European moves to outlaw state aid in shipbuilding have been torpedoed by the US. George Paloczi-Horvath explains why
In any tussle over subsidies for industry, it is usually the US that lectures Europe about the need to stop feather-bedding. Now the tables have been turned over that most emotive of industries – shipbuilding.
Europe and the rest of the industrialised world wants the US to ratify the Organisation for Economic Cooperation and Development (OECD) Shipbuilding Agreement – a deal which could bring an end to state subsidies for shipbuilding.
The Europeans are willing to sign the agreement. The US, so far, is not.
Because of this, last month the European Commission extended the Seventh Shipbuilding Directive for another year and with it, the subsidy it can provide. This now stands at 9% of the cost of new construction and 4.5% of the cost of ship repair and small shipbuilding contracts.
The directives date from the 1980s when allowable state aid was more than three times as high. The commission feels it has done a lot to cut subsidies since then and expects the US to do the same.
With the Seventh Directive extended, UK commercial shipyards – including Kvaerner Govan, Harland & Wolff, the resuscitated Swan Hunter and A&P Appledore – will be relieved that they can rely on another year’s state largesse.
Japan, South Korea and the other shipbuilding powers will also ratify the deal, but the European Union will not agree until the US does.
The US was expected to agree last January, then again in June. At last October’s meeting of the OECD Shipbuilding Agreement powers in Paris, the commission said it hoped US Congress would ratify the agreement `early in the new year’. But so far there is little prospect of that.
So why is the US stalling? According to a European shipyard executive: `The Europeans expected the Americans to ratify. But the US Navy’s shipyards need more time to become competitive in the commercial market.’
Or as the commission said last autumn: `US ratification has been blocked by strong, vested interests which seek to benefit from large subsidies to re-enter the market for merchant vessels.
`International disciplines are the only way to avoid the continuation of distortive practices and a costly spiral of subsidies in the shipbuilding industry. We therefore trust that common sense will prevail so taxpayers on both sides of the Atlantic are spared needless expense.’
Sam Cameron, marketing director of Kvaerner Govan, the UK subsidiary of Europe’s biggest shipbuilder Norway’s Kvaerner A/S, echoed the commission: `We would welcome the ratification by the Americans, so we can abolish subsidy schemes and have a level playing field.’
Jochen Kubosch, spokesman for European industry commissioner Martin Bangemann, says the commission is `ready to abolish’ subsidies, leaving only state aid for conversion of shipyards to other uses and for `social measures’ to relieve the effect of shipyard layoffs. `As the agreement is not ratified, we maintain support for the industry.’

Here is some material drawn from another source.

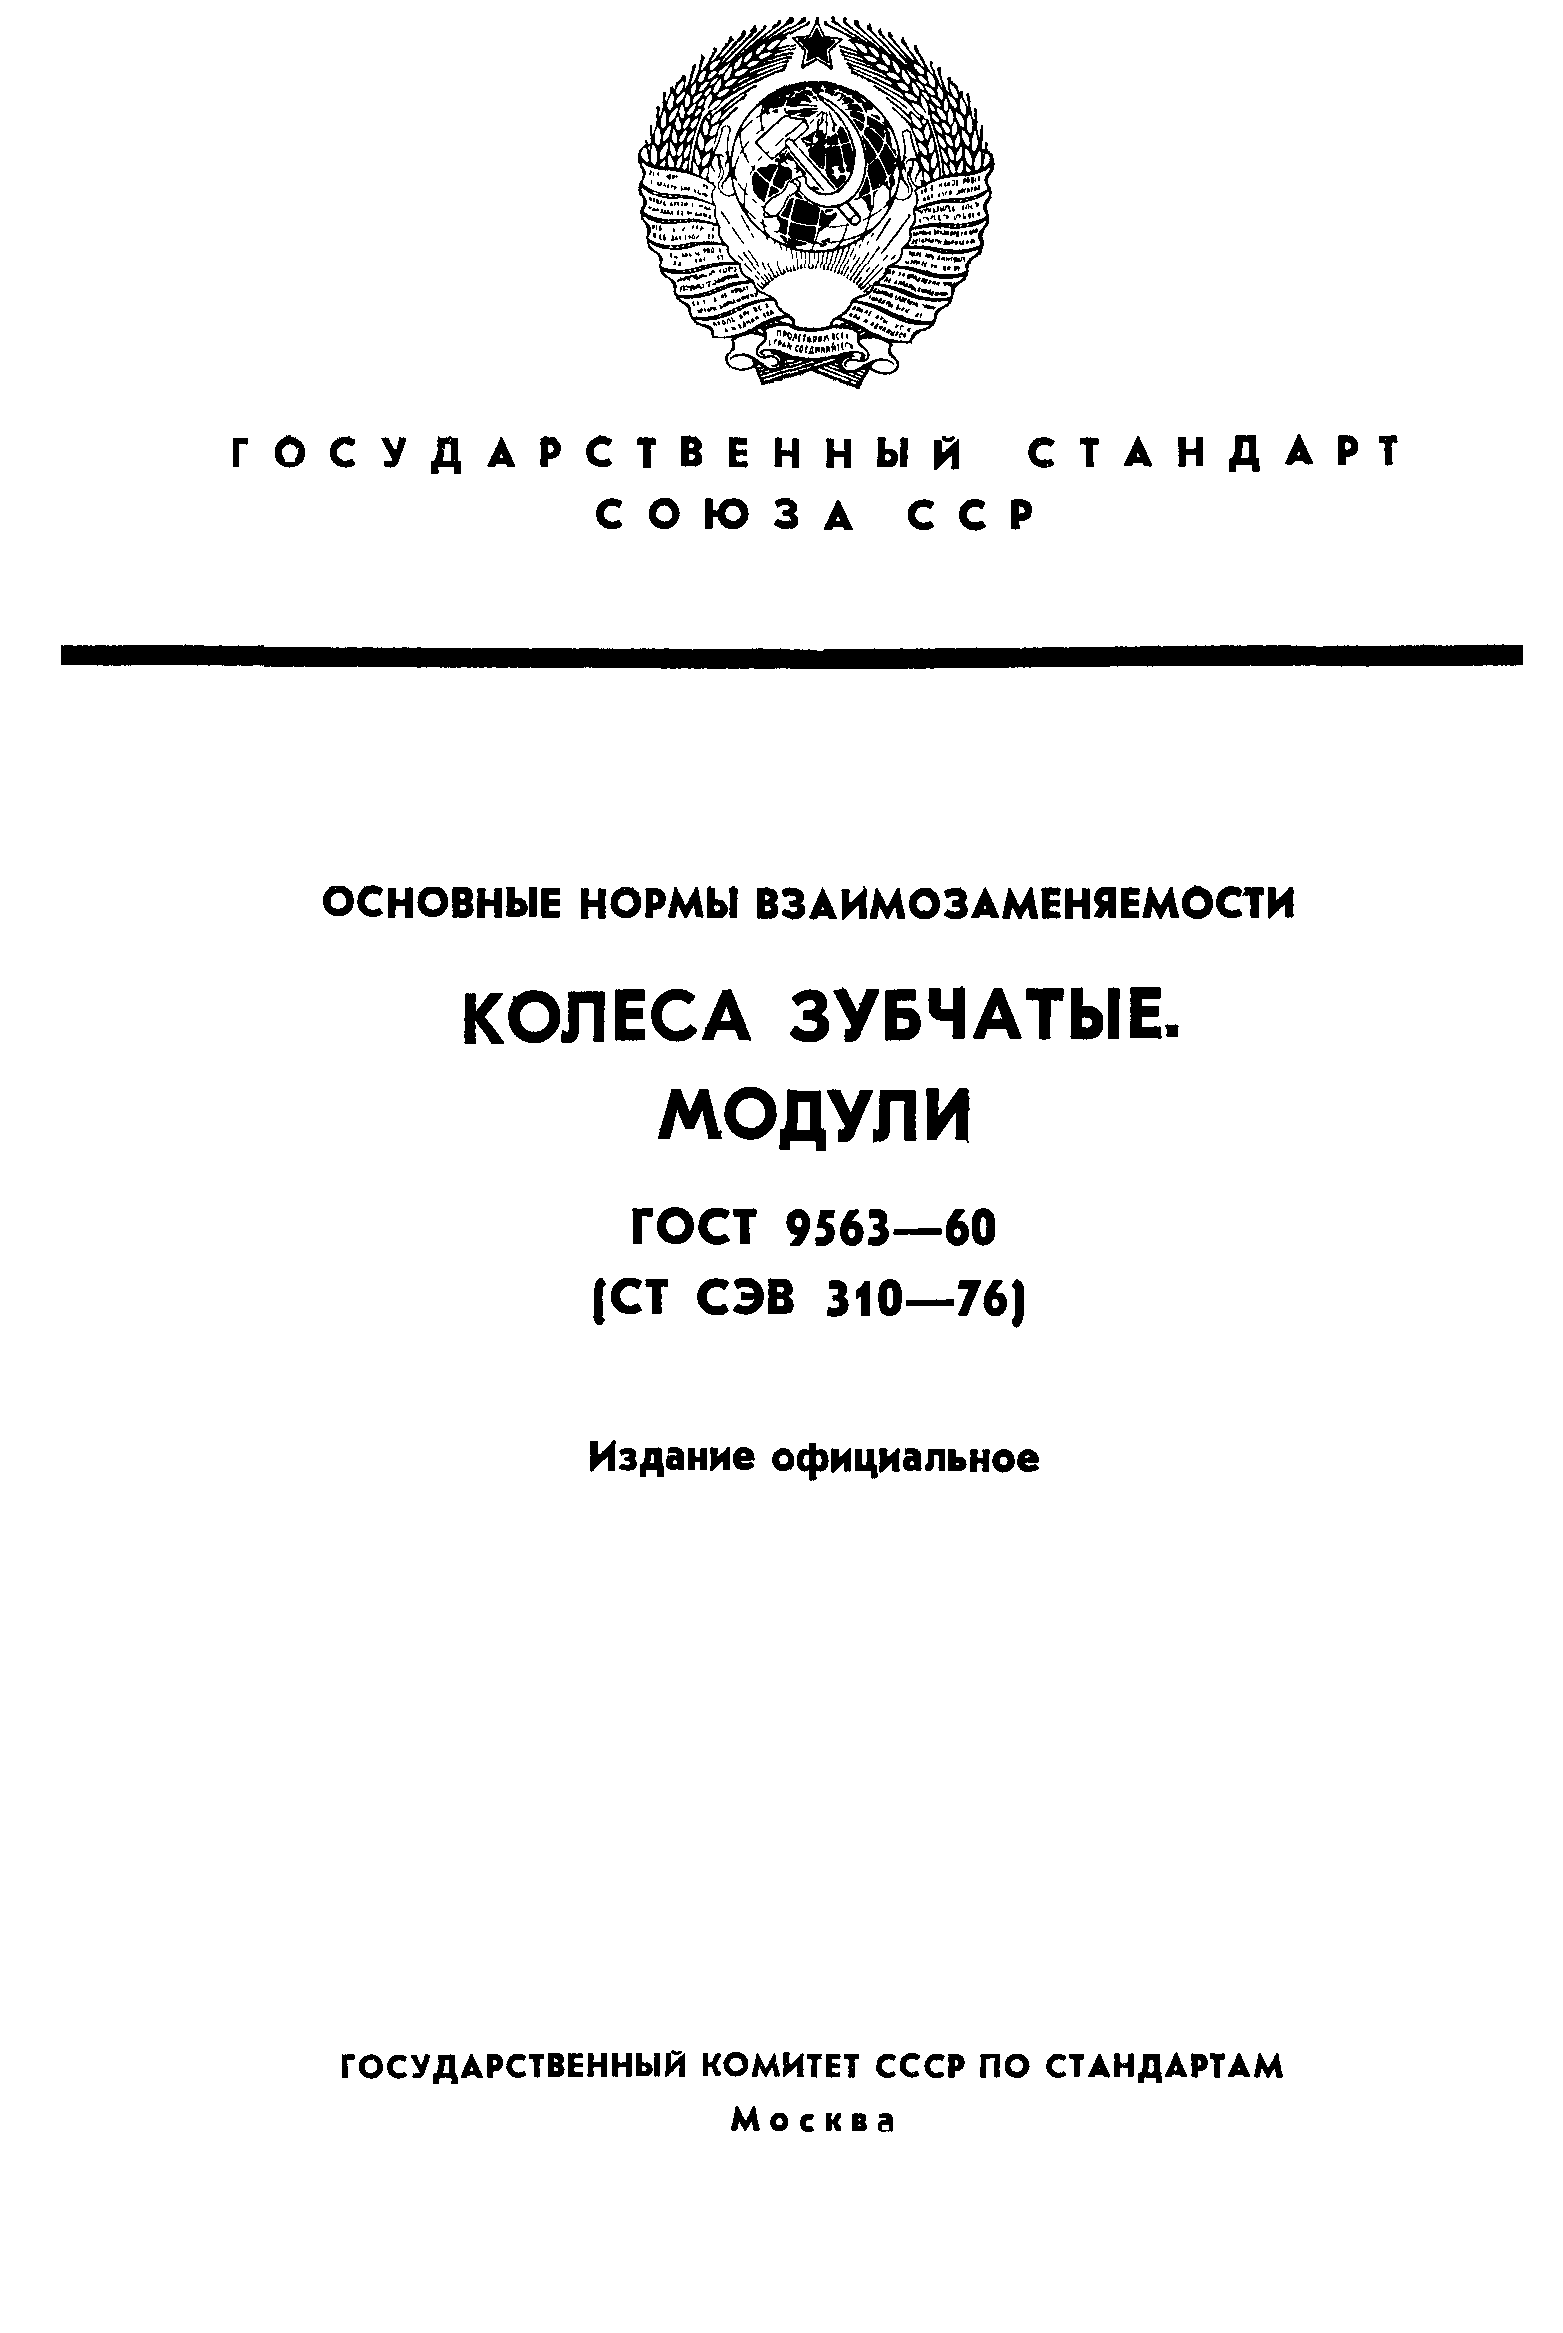 ГОСТ 9563-60
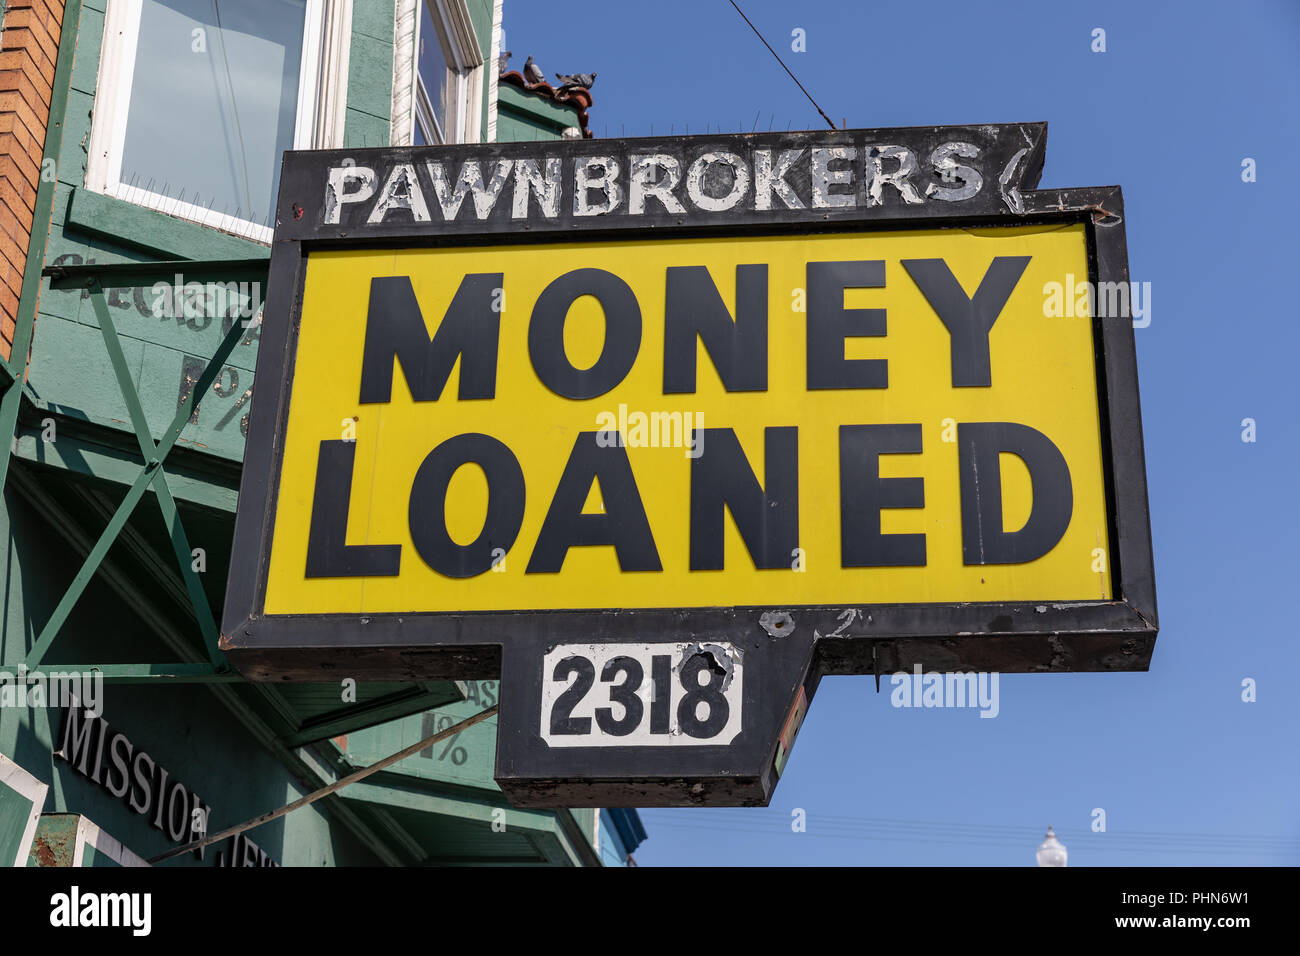 Pawnbrokers – Money Loaned sign; Mission Street, San Francisco, California Stock Photo

Nick Granger, director of Britain’s Shipbuilding and Shiprepair Association, said: `The irony is that it was the US which had called so strongly for an end to worldwide shipbuilding subsidies.’
The Shipbuilders Council of America was central to this process. The US and the other OECD nations negotiated a deal in 1994, but the American Shipbuilding Association split from the Shipbuilders Council to defend the interests of large naval shipyards fearful of the weakness of their competitive position.
These large shipyards are opposed to the OECD deal. Supported by the ASA, they have persuaded the US Senate to block ratification, even though the Shipbuilders Council of America, representing small and medium-sized yards, backs the pact.
Last October, the European Commission said lamely that it appreciated the `strong commitment’ to the deal’s ratification made by the Clinton administration. But that same administration was responsible for resurrecting the loan guarantee programme that allowed yards doing mostly military work to bid for commercial work at below commercial rates.
This was a major improvement in the prospects of an industry which had been badly distorted by its reliance on military work during the Cold War. In 1992-93, just one ocean-going commercial ship was on order from an ASA yard, while by last October there were 16.
As December’s ASA review of the industry said: `By international standards, that represents a minuscule order book, but for our shipyards, which have been virtually absent from the market for 15 years, this is at least a start.’
Those 16 ships represent only 0.1% of the world market, but now they have got this far, the big US yards do not want to let go of their slender market presence. The overall US order book last September was small: just 2.6% of vessels displacing more than 100 gross registered tons. (The UK figure was 1.1%.)
The problem is that the ASA yards may have clawed their way back too late, just as the rest of the world is singing a different anti-subsidy tune.
Everything depends on whether the Clinton administration deems it more important to support large US shipyard interests rather than toe the line of international consensus.